Music theater at the Ruhrtriennale: Relationship terror in the heath – culture


A heathland without solid ground, full of ponds and swamps, in the twilight of eerie clouds of mist. Inside: a house that offers no protection because its outer walls regularly topple over like playing cards. The sandy soil with its scruffy heather plants runs out of shape in the auditorium, as if nature were to recapture what civilization was left over by man. On the left edge of the stage, the fabulous musicians of the Ensemble Modern under the direction of Sylvain Cambreling play in the dim light. Thanks to live electronics and feeds, the sound also penetrates unpredictably from all directions of the room, where there is eerie whimpering and crunching, smacking, chuckling and whirring even before the performance begins. It is a nightmare scenario of fundamental uncertainty that the stage and costume designer Nina Wetzel and the Irish directing duo Dead Center planted into the industrial architecture of Bochum’s Jahrhunderthalle for the first music theater premiere of the Ruhrtriennale. And as such, it offers the perfect ambience for the irrepressible and abysmal music-theatrical fantasy of the composer Olga Neuwirth, born in Graz in 1968, whose music vehemently defends itself against all unambiguous fixations and attributions.

Jelinek’s opera text lets the protagonist’s wishes emerge in a surrealist manner

The music theater “Bählamms Fest” in 13 pictures, premiered in 1999 at the Wiener Festwochen, was Neuwirth’s first full-length opera. As so often, the libretto was written by the writer Elfriede Jelinek. The literary model was the surrealist drama “The Baa-Lamb’s Holiday” by Leonora Carrington, the British artist born in 1917, who is best known as the temporary muse and “bride of the wind” of the surrealism pioneer Max Ernst.
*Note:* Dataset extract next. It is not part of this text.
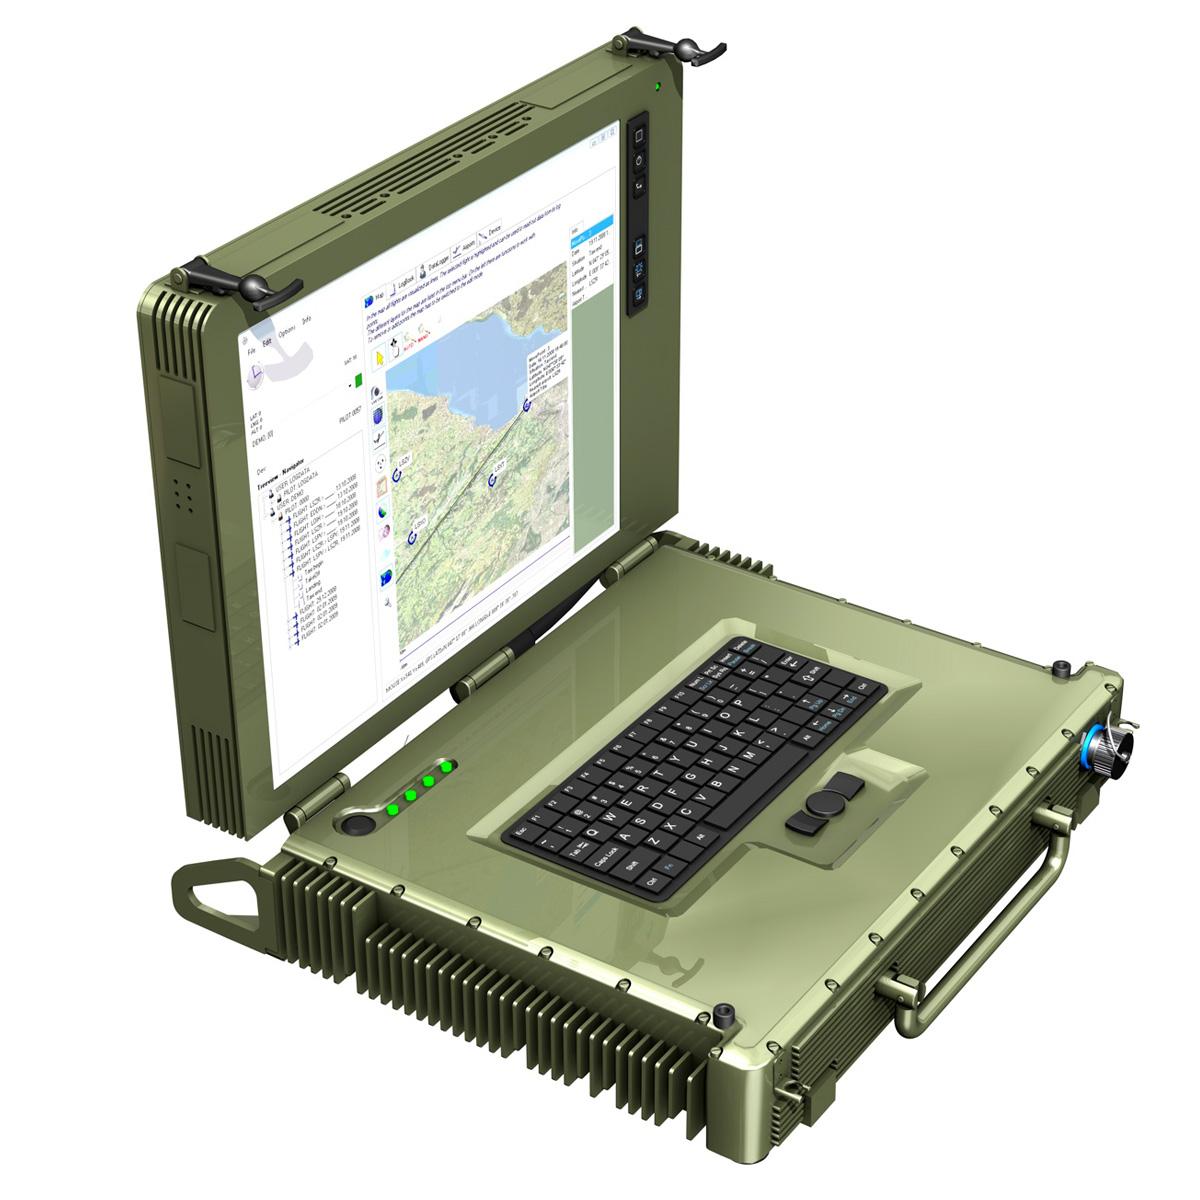 rugged military outdoor laptop 3d model 3ds fbx c4d lwo obj 189356
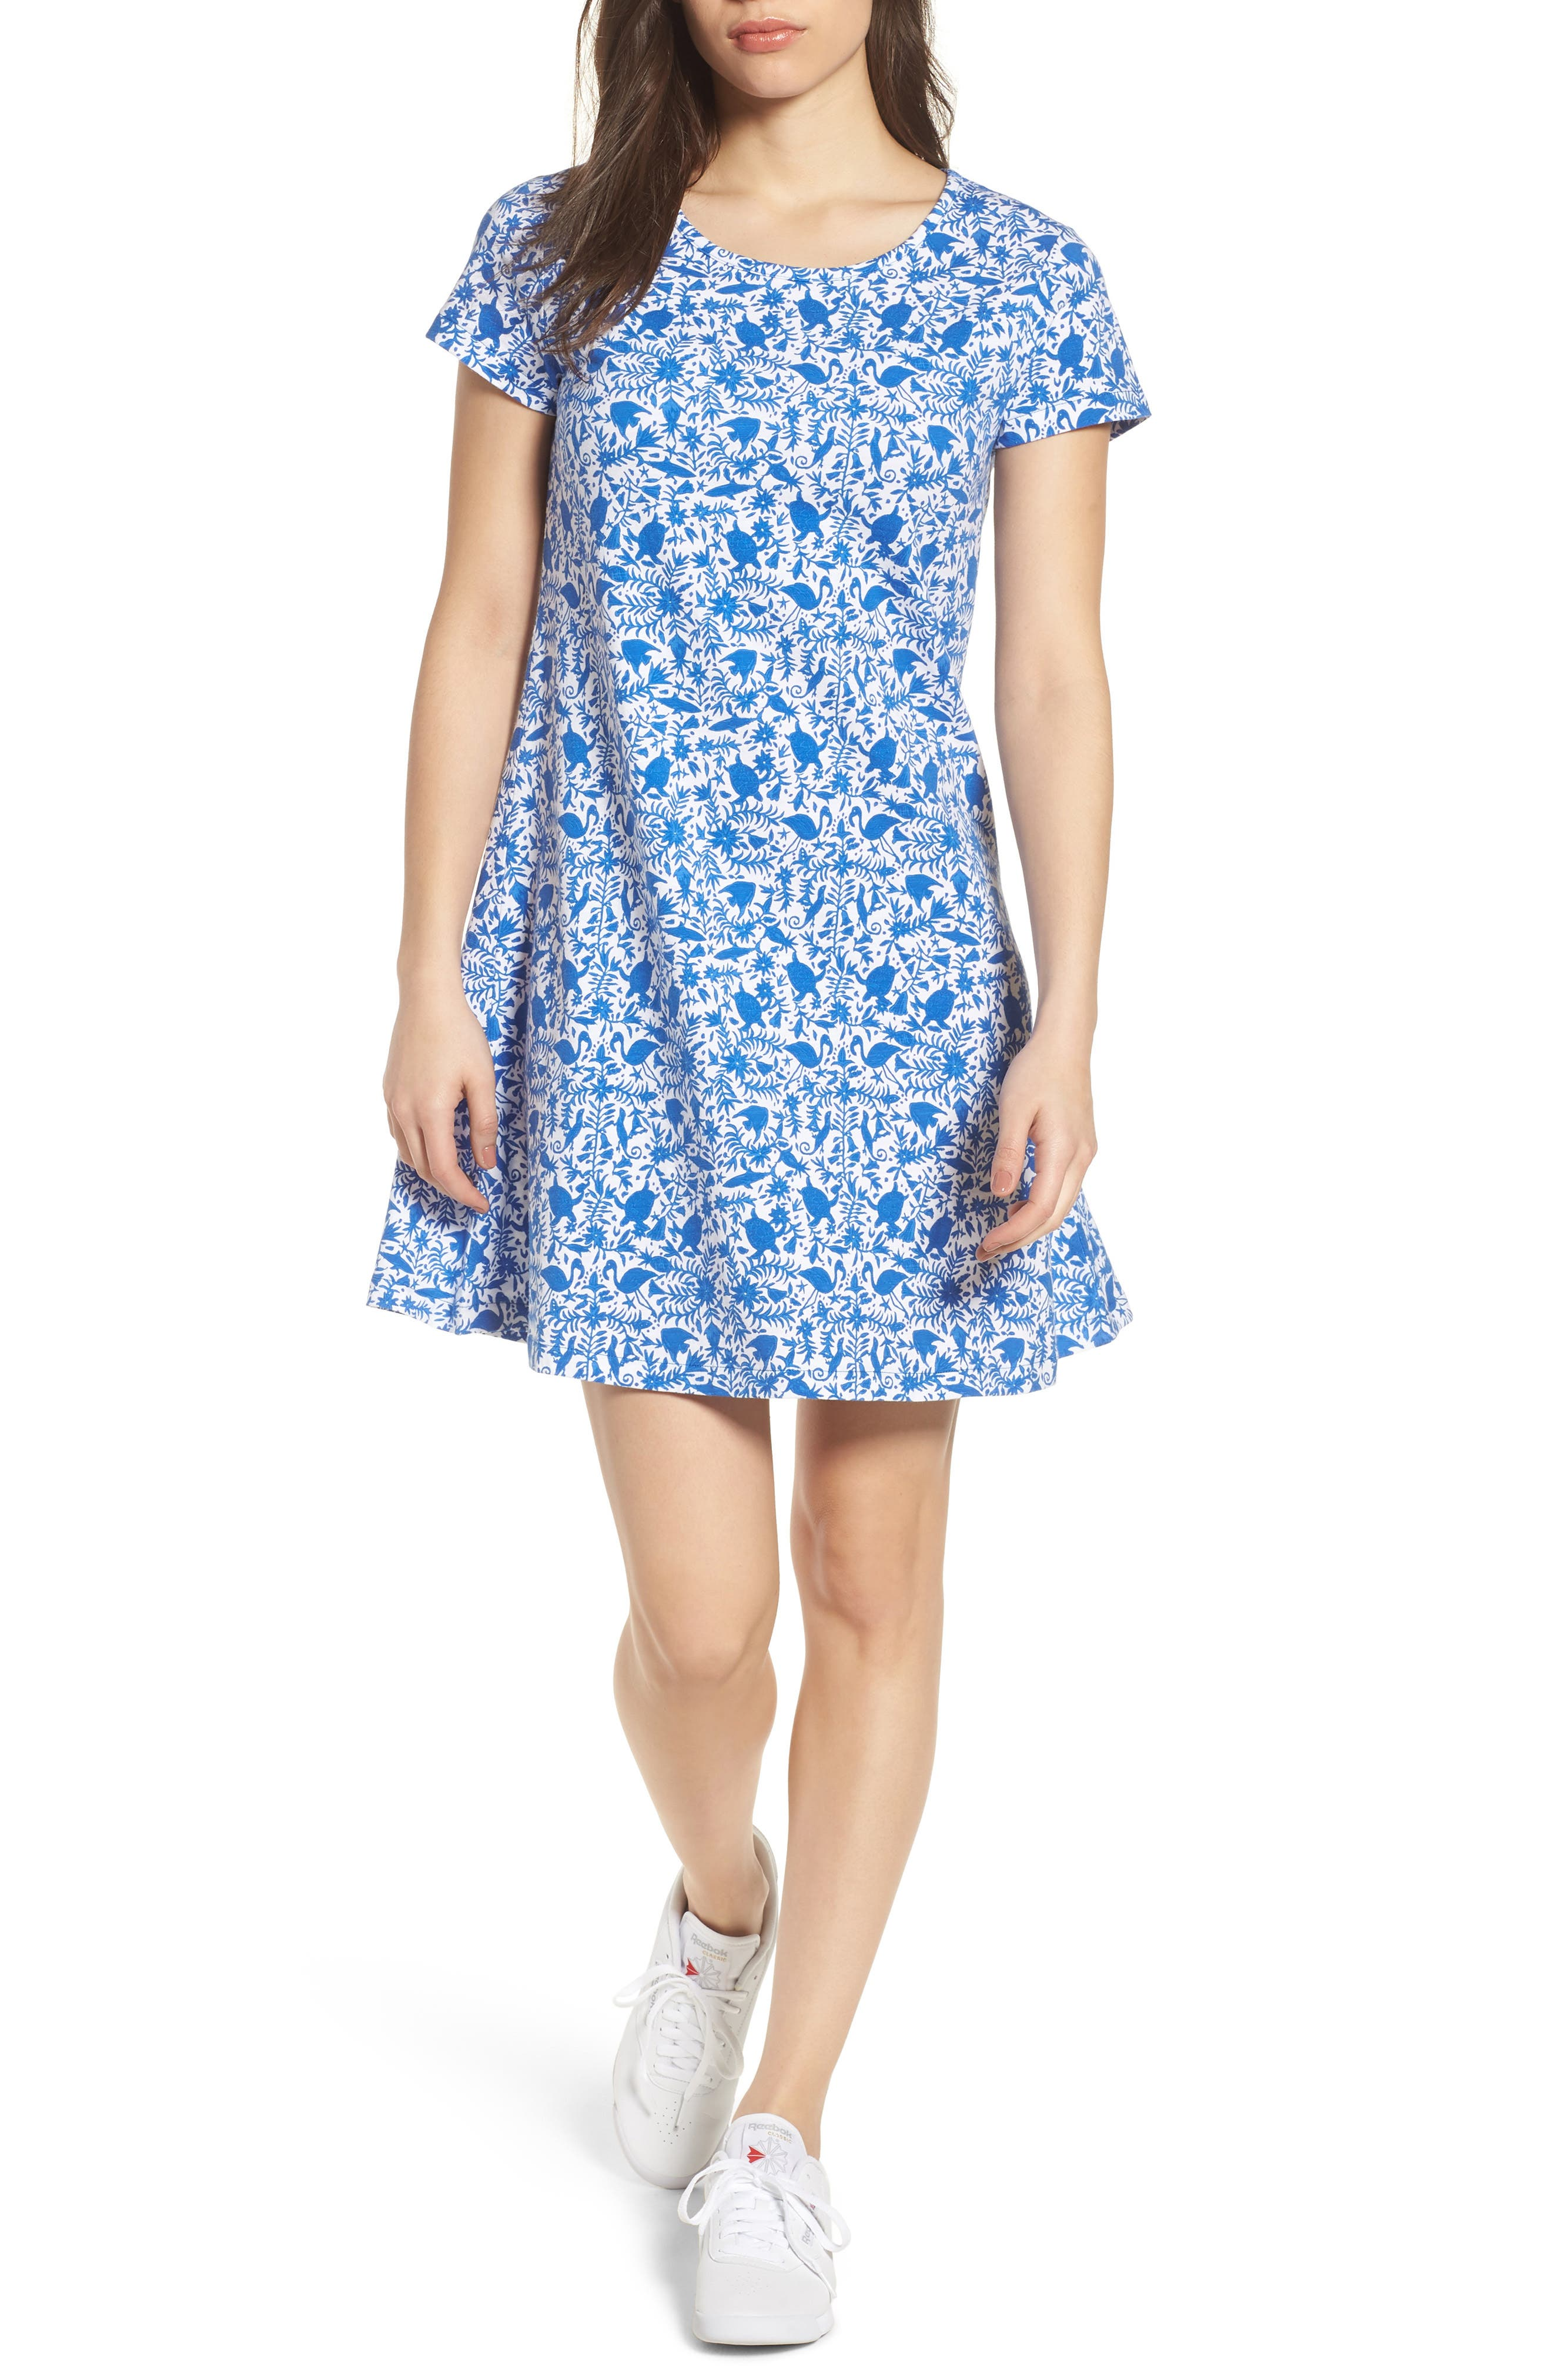 Bahamas Otomi Print Stretch Cotton Dress,                             Main thumbnail 1, color,                             Yacht Blue

Until the occupation of France and Ernst’s arrest, the two artists lived together in a remote country house in southern France. Carrington’s 1940 drama processes the traumatizing experiences of those years into an abysmal, grotesque picture puzzle of family horror, relationship terror and fascist violence. Jelinek has created an ingeniously dense opera text, which, in a good surrealist manner, refuses a logical-realistic plot, but in the dreamlike montage of bizarre-grotesque motifs, the central wishes of the protagonist Theodora (Katrien Baerts) emerge all the more concisely. It’s about family violence, about a selfish mother-in-law (Hilary Summers) who sired a wolf man with her lap dog (Graham F. Valentine), about a drunkard husband (Dietrich Henschel) and his coloratura nagging first wife. Theodora escapes into the nursery, where she meets the ghosts of the pets she tortured and killed again. She falls in love with Jeremy, the Dionysus-like wolf man, who, however, also contains a beast that tears up innocent lamb after innocent lamb. After Jeremy fell victim to a hunt by the police, he encounters Theodora again as a ghost and admonishes her to stay young and beautiful forever, because otherwise he would not be able to love her. In a final picture, the young Theodora mutates into an old woman.

Neuwirth has created a panda-demonic sound space full of quotes, noises and musical finds, in which the foreign and the familiar, fulfillment and catastrophe, lie directly next to one another. The music box sounds of celesta and piano mix in the mostly soloistic instrumental gestures, the androgynous countertenor voice of Jeremy (Andrew Watts) is accompanied by a viola d’amore and mutates into the siren-like floating song of the electromagnetic Theremin-Vox, an instrument from the Primeval times of electronic music. The seemingly anarchic mixture of nursery rhymes and brutal sound discharges, operatic gestures and melodrama, distorted landlords and glassy, ​​clinking sound bands merge miraculously to create a higher unity: this music never seems eclectic. Dead Center continues the surreal game with identities and duplications on stage in an optically suggestive way and happily resists the temptation to give the piece an interpretation that it could only reduce.